**Prompt**
Print the listing exactly as it stands. Skip every picture.

**Recorded data**
==========
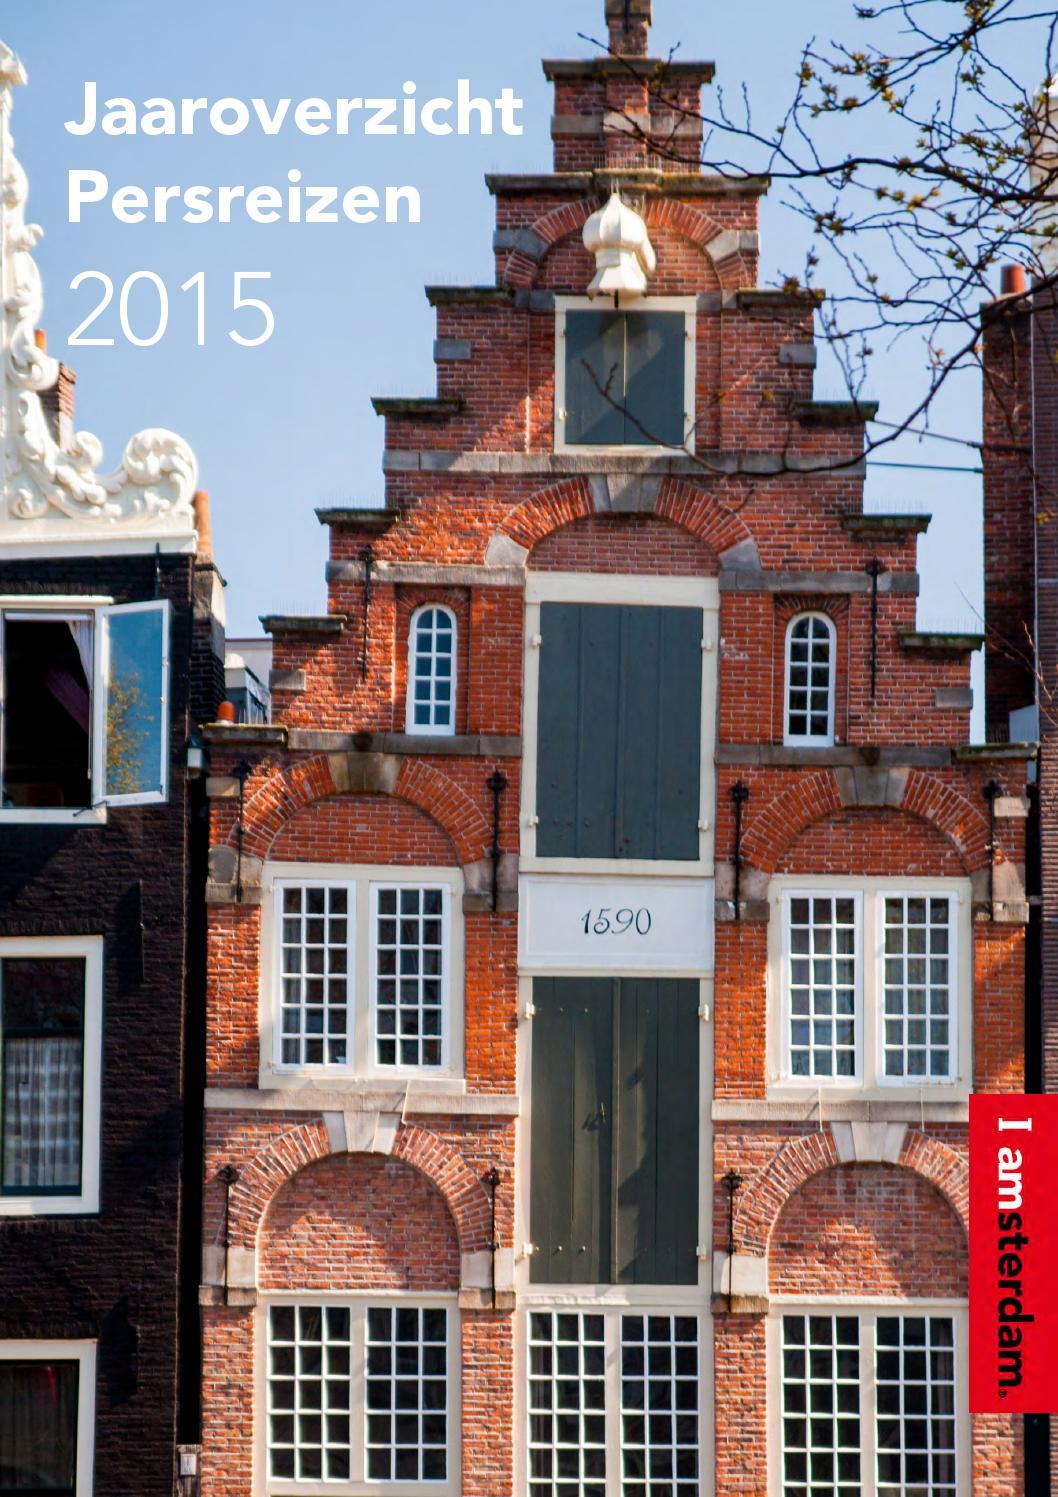 Jardin Zoologique Lisbonne Frais Jaaroverzicht Persreizen 2015 Amsterdam Marketing by
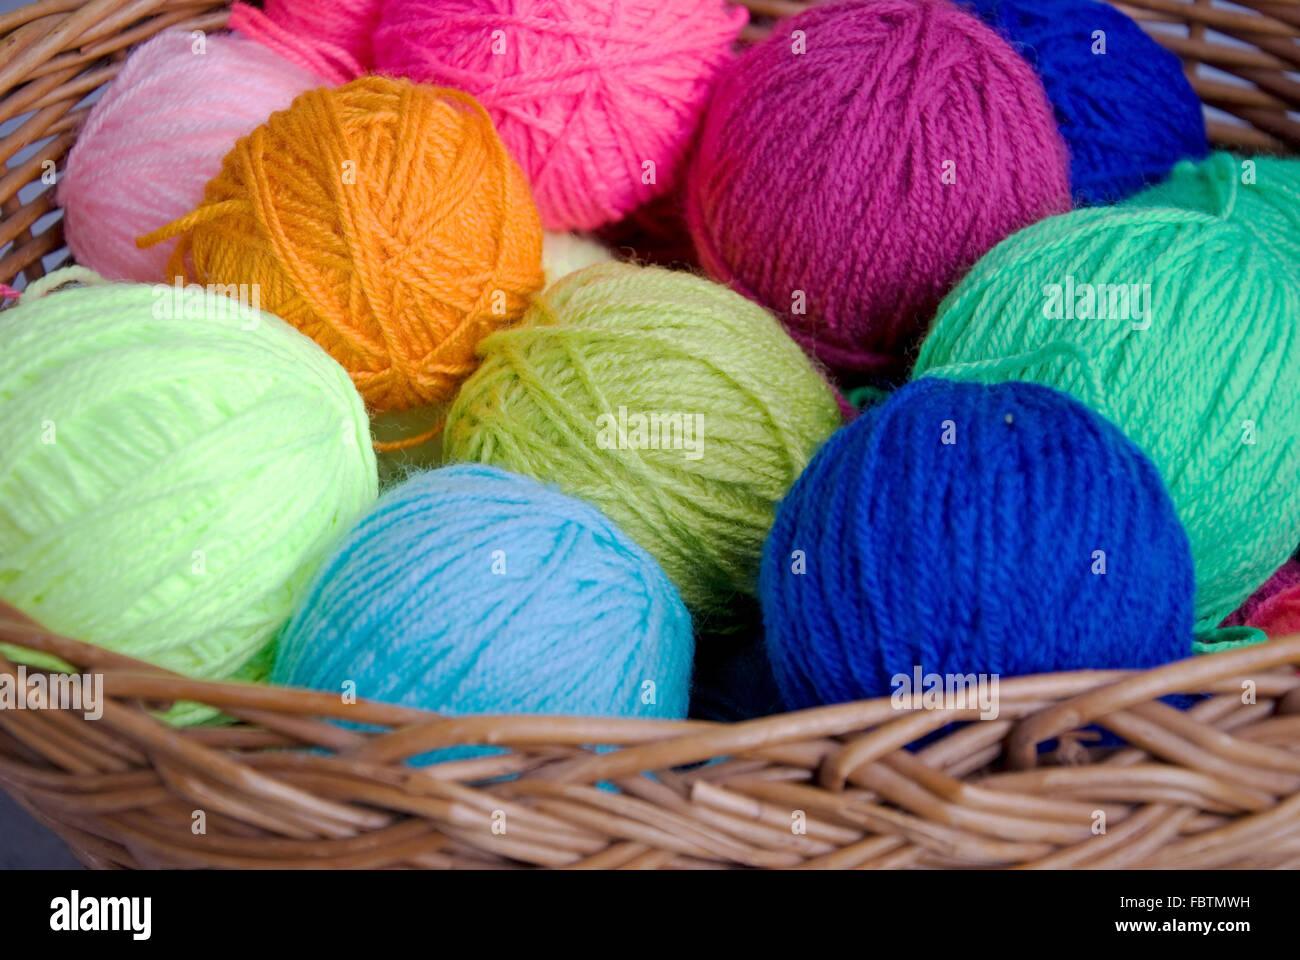 knittingbasket and wool - Stock Image
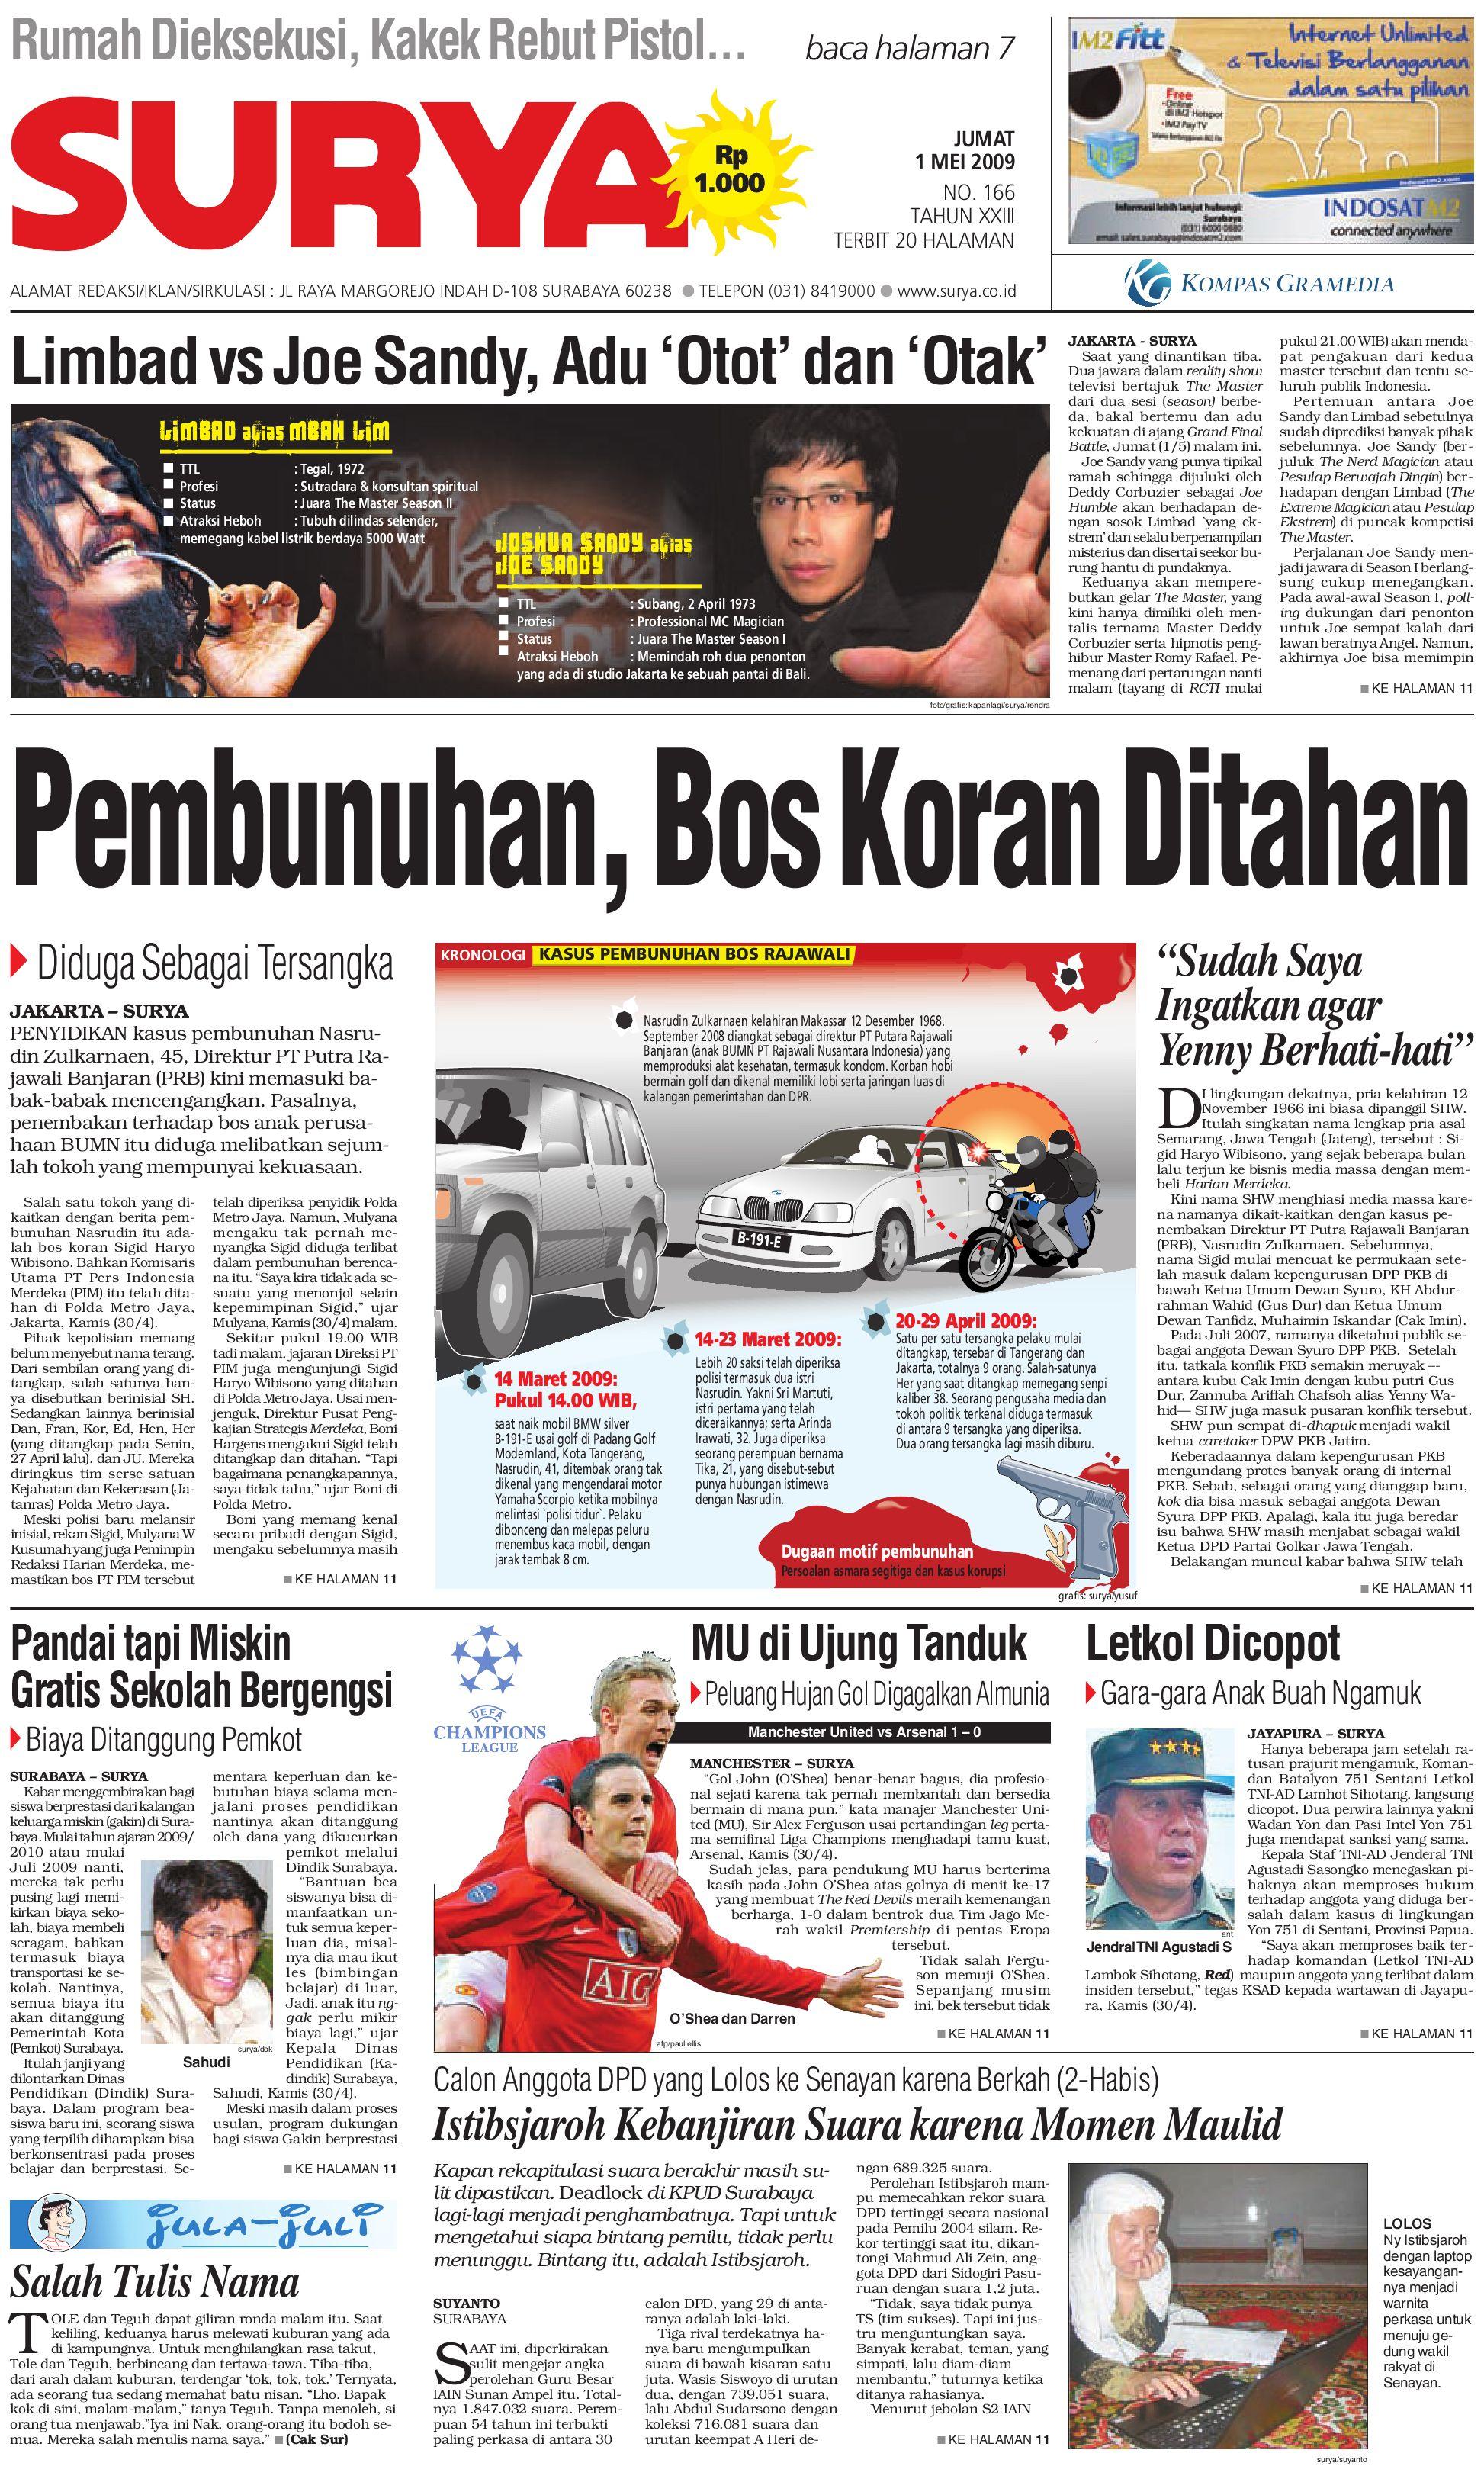 Surya Edisi cetal 01 Mei 2009 by Harian SURYA - issuu 2e332ed392
==========
**Solved exercise**
 Jardin Zoologique Lisbonne Frais Jaaroverzicht Persreizen 2015 Amsterdam Marketing by
 knittingbasket and wool - Stock Image
 Surya Edisi cetal 01 Mei 2009 by Harian SURYA - issuu 2e332ed392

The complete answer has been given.